DATA
= Beginning of Section =

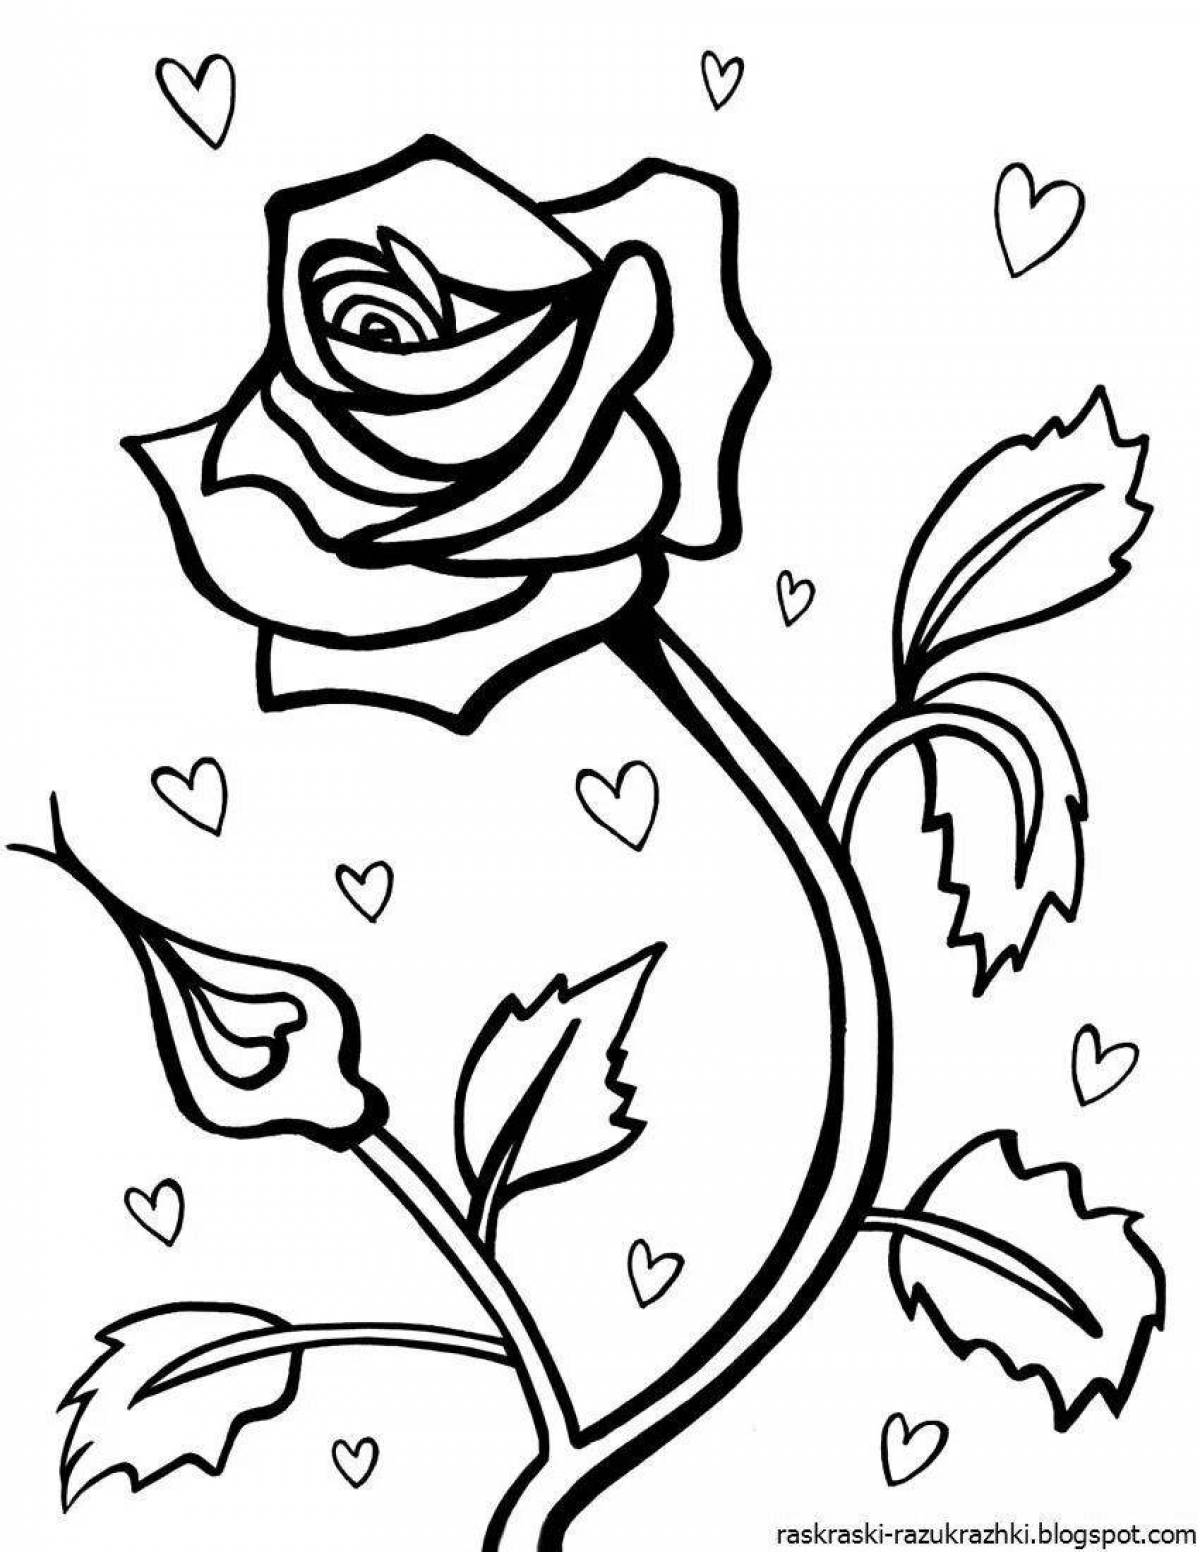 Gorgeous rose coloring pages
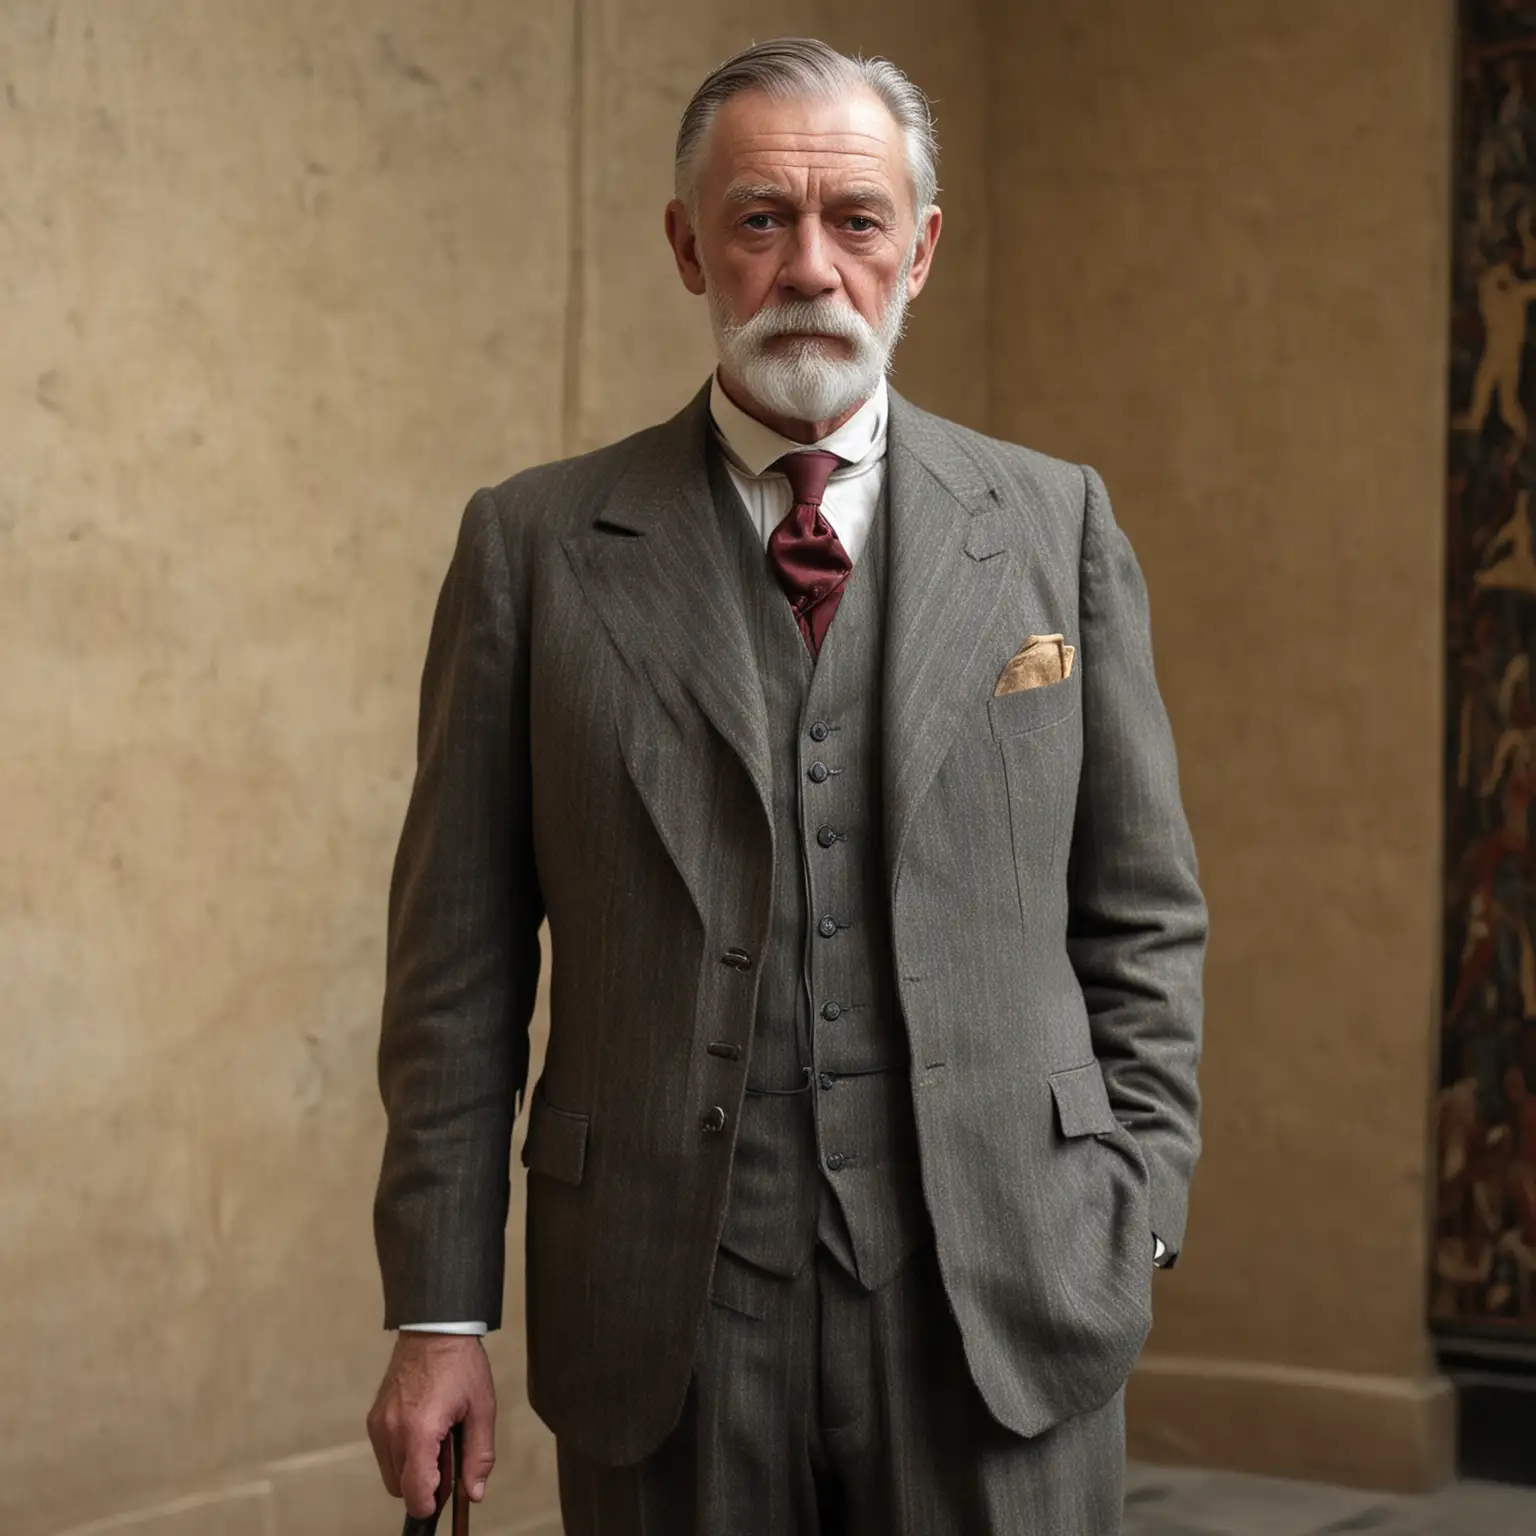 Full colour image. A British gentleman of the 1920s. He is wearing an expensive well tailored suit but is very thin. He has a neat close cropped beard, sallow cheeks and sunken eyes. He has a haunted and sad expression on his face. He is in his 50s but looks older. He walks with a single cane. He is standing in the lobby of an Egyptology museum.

= End of Section =
= Beginning of Section =

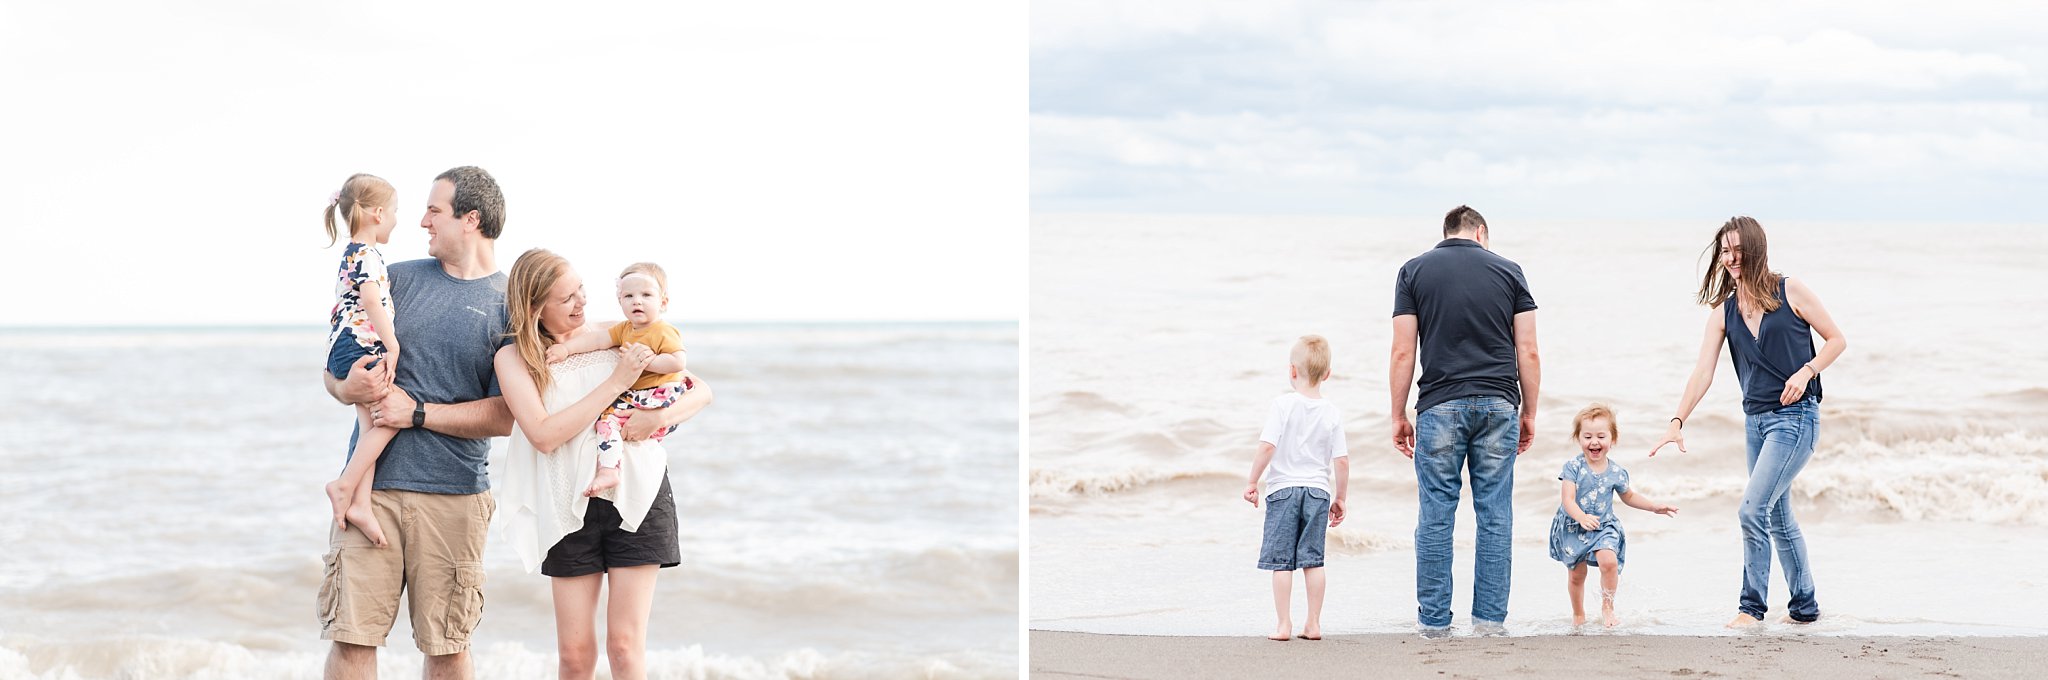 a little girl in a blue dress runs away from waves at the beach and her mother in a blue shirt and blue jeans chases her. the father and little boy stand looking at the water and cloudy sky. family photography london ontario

= End of Section =
= Beginning of Section =

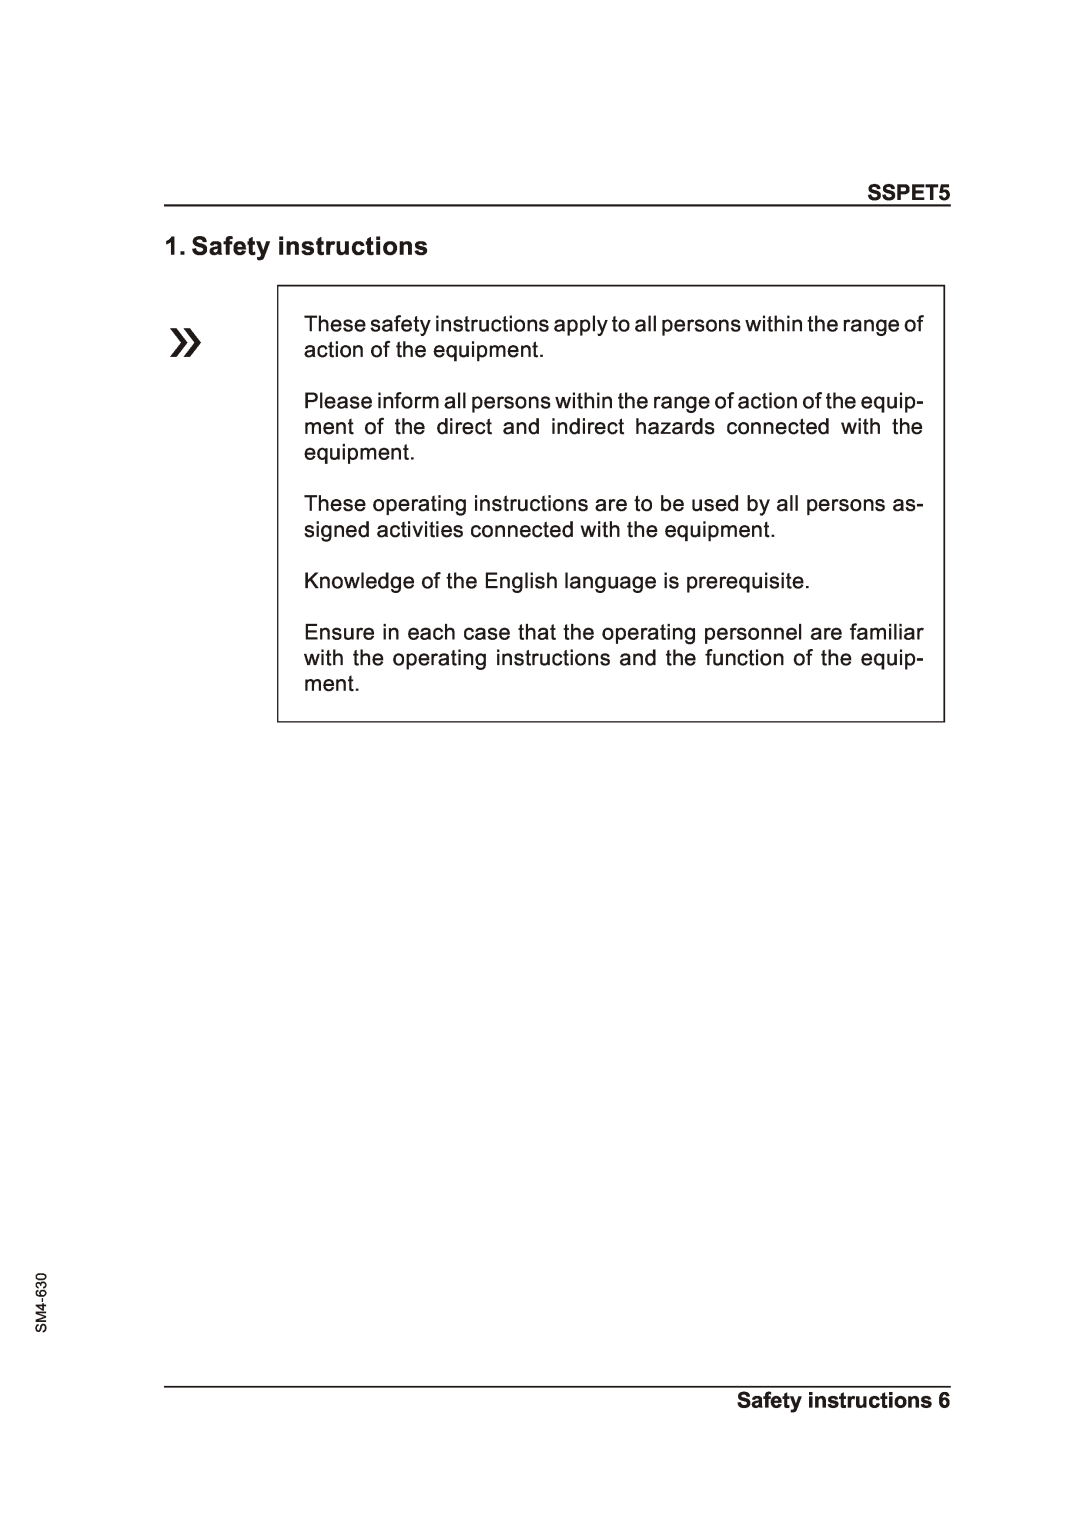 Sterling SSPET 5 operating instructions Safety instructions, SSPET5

= End of Section =

WHAT YOU HAVE TO DO
A clean copy is needed of the lines above from the one with "Gorgeous rose coloring pages" up to and including the one with "Full colour image.". Please set it down exactly, with no pictures.

RESPONSE BELOW
 Gorgeous rose coloring pages
 Full colour image. A British gentleman of the 1920s. He is wearing an expensive well tailored suit but is very thin. He has a neat close cropped beard, sallow cheeks and sunken eyes. He has a haunted and sad expression on his face. He is in his 50s but looks older. He walks with a single cane. He is standing in the lobby of an Egyptology museum.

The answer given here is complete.